__Task brief__:
In the listing below, find the line that contains "Tulip Floral Arrangement in Vase - Wayfair" and the line that contains "Purple Pleasure - Lay-on Vibrator". Quote both and every line between them, exactly, and nothing more.

_ _ _ _

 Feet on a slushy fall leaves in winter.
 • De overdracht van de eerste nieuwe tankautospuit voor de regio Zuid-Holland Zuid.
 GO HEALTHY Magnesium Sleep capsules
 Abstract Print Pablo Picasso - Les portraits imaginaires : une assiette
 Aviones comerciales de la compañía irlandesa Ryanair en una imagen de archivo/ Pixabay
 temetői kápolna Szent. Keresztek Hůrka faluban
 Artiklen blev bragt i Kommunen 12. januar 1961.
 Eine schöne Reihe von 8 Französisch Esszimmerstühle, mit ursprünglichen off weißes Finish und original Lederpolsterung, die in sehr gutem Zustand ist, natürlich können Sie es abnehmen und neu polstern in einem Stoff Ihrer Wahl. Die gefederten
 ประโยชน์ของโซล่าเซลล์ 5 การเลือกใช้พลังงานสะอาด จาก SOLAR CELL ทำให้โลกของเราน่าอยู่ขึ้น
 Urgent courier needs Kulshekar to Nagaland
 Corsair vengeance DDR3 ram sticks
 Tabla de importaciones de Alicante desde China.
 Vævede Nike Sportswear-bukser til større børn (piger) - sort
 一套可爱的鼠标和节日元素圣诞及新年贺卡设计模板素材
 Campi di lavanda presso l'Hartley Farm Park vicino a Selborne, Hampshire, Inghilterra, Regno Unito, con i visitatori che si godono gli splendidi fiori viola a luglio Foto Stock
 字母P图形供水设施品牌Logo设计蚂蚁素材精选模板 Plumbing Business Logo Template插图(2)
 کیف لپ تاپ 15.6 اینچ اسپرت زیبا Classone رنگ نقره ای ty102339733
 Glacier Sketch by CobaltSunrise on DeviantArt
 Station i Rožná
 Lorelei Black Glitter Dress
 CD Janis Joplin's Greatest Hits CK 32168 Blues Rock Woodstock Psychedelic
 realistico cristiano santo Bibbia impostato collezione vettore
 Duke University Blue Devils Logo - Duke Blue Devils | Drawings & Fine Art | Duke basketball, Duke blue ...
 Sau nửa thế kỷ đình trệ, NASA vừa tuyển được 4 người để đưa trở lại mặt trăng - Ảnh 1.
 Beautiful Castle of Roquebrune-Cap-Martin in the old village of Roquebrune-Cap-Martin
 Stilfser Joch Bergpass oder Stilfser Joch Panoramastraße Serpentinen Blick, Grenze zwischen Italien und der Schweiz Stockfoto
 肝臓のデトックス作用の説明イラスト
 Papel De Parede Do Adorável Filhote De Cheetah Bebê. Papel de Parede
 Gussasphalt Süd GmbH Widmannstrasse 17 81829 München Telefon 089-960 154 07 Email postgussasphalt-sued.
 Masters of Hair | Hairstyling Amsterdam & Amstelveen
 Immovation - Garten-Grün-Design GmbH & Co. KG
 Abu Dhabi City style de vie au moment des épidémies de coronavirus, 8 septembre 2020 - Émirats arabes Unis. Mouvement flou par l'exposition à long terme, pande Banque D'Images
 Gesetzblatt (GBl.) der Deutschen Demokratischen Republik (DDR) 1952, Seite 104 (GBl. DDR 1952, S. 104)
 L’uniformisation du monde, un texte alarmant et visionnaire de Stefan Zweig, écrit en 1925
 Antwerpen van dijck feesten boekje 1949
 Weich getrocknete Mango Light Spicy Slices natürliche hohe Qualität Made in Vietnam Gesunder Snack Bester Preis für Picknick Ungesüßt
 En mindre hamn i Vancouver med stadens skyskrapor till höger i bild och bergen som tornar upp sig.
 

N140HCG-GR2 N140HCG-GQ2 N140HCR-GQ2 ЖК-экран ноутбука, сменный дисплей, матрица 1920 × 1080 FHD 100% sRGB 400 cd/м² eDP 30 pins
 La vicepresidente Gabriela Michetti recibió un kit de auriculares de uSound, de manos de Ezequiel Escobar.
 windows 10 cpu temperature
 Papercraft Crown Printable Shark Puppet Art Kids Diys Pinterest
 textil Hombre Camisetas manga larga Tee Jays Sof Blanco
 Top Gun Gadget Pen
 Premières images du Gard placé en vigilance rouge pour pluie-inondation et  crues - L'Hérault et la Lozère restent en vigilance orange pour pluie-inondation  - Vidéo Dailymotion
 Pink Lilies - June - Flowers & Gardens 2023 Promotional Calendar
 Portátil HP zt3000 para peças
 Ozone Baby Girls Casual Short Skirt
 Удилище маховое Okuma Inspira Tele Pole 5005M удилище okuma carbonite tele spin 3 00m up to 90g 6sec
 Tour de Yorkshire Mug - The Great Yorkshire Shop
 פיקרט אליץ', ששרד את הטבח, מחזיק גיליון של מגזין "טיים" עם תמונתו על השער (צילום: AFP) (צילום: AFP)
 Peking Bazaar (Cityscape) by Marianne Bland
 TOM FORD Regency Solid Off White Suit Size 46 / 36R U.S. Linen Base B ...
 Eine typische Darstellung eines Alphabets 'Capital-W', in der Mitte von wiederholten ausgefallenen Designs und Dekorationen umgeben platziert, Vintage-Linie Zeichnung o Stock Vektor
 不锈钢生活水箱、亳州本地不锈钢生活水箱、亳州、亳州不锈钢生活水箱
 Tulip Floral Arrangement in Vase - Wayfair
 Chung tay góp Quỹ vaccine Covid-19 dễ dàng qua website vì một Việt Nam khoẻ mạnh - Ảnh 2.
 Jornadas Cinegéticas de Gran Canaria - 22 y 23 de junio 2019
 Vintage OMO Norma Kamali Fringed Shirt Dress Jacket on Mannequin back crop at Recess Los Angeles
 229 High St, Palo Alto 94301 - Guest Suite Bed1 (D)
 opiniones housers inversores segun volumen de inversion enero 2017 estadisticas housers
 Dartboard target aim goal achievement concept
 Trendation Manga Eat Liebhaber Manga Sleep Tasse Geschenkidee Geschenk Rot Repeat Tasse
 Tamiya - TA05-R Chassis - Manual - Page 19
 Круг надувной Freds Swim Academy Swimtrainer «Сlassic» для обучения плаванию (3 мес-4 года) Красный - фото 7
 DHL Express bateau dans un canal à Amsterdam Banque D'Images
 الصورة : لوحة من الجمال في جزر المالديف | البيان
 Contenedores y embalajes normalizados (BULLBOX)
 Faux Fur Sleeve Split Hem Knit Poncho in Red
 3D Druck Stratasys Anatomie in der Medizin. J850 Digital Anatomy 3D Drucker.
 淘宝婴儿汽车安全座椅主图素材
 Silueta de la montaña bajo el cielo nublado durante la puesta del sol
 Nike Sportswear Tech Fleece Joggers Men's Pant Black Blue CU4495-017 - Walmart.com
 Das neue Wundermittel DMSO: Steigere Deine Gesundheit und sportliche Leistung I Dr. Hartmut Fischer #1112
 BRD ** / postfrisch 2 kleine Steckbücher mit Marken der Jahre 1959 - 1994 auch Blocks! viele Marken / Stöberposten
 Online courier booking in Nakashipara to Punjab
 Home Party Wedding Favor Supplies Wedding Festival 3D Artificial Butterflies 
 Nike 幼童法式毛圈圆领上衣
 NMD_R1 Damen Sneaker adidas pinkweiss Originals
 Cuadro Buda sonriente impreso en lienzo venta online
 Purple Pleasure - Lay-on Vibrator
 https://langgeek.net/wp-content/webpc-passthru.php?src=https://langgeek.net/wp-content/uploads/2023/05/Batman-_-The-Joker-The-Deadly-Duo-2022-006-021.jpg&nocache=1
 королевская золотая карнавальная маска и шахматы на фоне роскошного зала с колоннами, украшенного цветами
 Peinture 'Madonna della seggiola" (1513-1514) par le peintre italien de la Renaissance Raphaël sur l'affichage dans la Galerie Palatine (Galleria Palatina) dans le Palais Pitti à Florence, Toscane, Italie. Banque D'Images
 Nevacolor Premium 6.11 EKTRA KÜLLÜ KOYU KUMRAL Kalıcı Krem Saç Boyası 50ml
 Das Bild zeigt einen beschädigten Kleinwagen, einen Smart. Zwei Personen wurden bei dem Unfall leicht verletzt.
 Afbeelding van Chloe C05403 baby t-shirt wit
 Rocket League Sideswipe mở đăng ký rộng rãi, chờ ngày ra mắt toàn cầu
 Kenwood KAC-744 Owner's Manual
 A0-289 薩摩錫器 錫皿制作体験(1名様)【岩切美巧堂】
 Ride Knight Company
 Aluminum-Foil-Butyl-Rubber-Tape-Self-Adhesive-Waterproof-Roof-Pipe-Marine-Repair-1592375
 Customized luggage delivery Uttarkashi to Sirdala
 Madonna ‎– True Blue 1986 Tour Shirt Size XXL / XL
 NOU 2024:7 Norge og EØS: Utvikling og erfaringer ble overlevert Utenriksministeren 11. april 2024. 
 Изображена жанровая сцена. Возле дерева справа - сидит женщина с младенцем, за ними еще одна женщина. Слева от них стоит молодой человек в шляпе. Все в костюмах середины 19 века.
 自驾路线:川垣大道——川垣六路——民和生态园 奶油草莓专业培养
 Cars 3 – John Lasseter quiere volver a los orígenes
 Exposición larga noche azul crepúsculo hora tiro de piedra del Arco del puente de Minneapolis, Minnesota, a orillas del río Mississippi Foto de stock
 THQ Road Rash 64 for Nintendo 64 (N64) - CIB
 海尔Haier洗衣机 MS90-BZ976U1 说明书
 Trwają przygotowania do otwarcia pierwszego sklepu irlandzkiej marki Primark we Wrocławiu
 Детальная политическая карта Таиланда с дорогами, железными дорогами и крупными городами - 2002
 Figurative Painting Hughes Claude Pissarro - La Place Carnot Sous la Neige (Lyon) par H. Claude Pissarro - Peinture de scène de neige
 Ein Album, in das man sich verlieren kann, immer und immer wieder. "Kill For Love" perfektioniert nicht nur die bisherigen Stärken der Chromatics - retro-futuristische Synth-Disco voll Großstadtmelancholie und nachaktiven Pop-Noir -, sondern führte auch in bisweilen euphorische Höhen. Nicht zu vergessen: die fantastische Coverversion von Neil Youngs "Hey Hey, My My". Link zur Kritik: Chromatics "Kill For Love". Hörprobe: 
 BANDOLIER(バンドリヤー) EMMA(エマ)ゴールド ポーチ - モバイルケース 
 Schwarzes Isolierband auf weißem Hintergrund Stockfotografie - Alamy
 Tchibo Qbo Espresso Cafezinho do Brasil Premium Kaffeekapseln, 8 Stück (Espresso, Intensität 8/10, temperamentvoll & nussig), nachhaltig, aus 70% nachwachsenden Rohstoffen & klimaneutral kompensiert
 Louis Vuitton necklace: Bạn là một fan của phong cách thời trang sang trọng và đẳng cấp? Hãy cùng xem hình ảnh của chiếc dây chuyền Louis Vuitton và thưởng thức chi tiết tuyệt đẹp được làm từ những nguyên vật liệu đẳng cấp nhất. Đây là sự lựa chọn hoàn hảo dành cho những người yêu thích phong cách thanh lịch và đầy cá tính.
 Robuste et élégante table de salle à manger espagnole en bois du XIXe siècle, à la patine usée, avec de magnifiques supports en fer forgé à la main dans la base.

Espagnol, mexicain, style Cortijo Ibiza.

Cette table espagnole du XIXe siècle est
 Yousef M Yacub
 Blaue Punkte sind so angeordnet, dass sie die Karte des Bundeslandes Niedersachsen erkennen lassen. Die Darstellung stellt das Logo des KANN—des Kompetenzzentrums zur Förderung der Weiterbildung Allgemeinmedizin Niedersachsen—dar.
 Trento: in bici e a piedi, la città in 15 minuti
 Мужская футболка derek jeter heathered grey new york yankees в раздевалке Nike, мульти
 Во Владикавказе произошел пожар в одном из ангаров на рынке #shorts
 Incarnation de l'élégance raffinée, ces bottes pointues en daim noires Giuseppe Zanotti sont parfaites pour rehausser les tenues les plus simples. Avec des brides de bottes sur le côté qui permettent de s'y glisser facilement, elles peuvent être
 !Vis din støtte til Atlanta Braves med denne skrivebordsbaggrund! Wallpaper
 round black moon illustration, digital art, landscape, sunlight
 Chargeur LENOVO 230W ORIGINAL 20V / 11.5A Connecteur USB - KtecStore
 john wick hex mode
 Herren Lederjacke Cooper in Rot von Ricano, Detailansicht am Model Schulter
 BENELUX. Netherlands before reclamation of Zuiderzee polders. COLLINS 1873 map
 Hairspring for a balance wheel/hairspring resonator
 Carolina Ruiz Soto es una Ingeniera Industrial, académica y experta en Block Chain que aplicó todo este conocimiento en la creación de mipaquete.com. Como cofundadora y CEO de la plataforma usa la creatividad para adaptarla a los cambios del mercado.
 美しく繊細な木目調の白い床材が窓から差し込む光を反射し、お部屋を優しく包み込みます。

_ _ _ _

__Response to this exercise__:
 Tulip Floral Arrangement in Vase - Wayfair
 Chung tay góp Quỹ vaccine Covid-19 dễ dàng qua website vì một Việt Nam khoẻ mạnh - Ảnh 2.
 Jornadas Cinegéticas de Gran Canaria - 22 y 23 de junio 2019
 Vintage OMO Norma Kamali Fringed Shirt Dress Jacket on Mannequin back crop at Recess Los Angeles
 229 High St, Palo Alto 94301 - Guest Suite Bed1 (D)
 opiniones housers inversores segun volumen de inversion enero 2017 estadisticas housers
 Dartboard target aim goal achievement concept
 Trendation Manga Eat Liebhaber Manga Sleep Tasse Geschenkidee Geschenk Rot Repeat Tasse
 Tamiya - TA05-R Chassis - Manual - Page 19
 Круг надувной Freds Swim Academy Swimtrainer «Сlassic» для обучения плаванию (3 мес-4 года) Красный - фото 7
 DHL Express bateau dans un canal à Amsterdam Banque D'Images
 الصورة : لوحة من الجمال في جزر المالديف | البيان
 Contenedores y embalajes normalizados (BULLBOX)
 Faux Fur Sleeve Split Hem Knit Poncho in Red
 3D Druck Stratasys Anatomie in der Medizin. J850 Digital Anatomy 3D Drucker.
 淘宝婴儿汽车安全座椅主图素材
 Silueta de la montaña bajo el cielo nublado durante la puesta del sol
 Nike Sportswear Tech Fleece Joggers Men's Pant Black Blue CU4495-017 - Walmart.com
 Das neue Wundermittel DMSO: Steigere Deine Gesundheit und sportliche Leistung I Dr. Hartmut Fischer #1112
 BRD ** / postfrisch 2 kleine Steckbücher mit Marken der Jahre 1959 - 1994 auch Blocks! viele Marken / Stöberposten
 Online courier booking in Nakashipara to Punjab
 Home Party Wedding Favor Supplies Wedding Festival 3D Artificial Butterflies 
 Nike 幼童法式毛圈圆领上衣
 NMD_R1 Damen Sneaker adidas pinkweiss Originals
 Cuadro Buda sonriente impreso en lienzo venta online
 Purple Pleasure - Lay-on Vibrator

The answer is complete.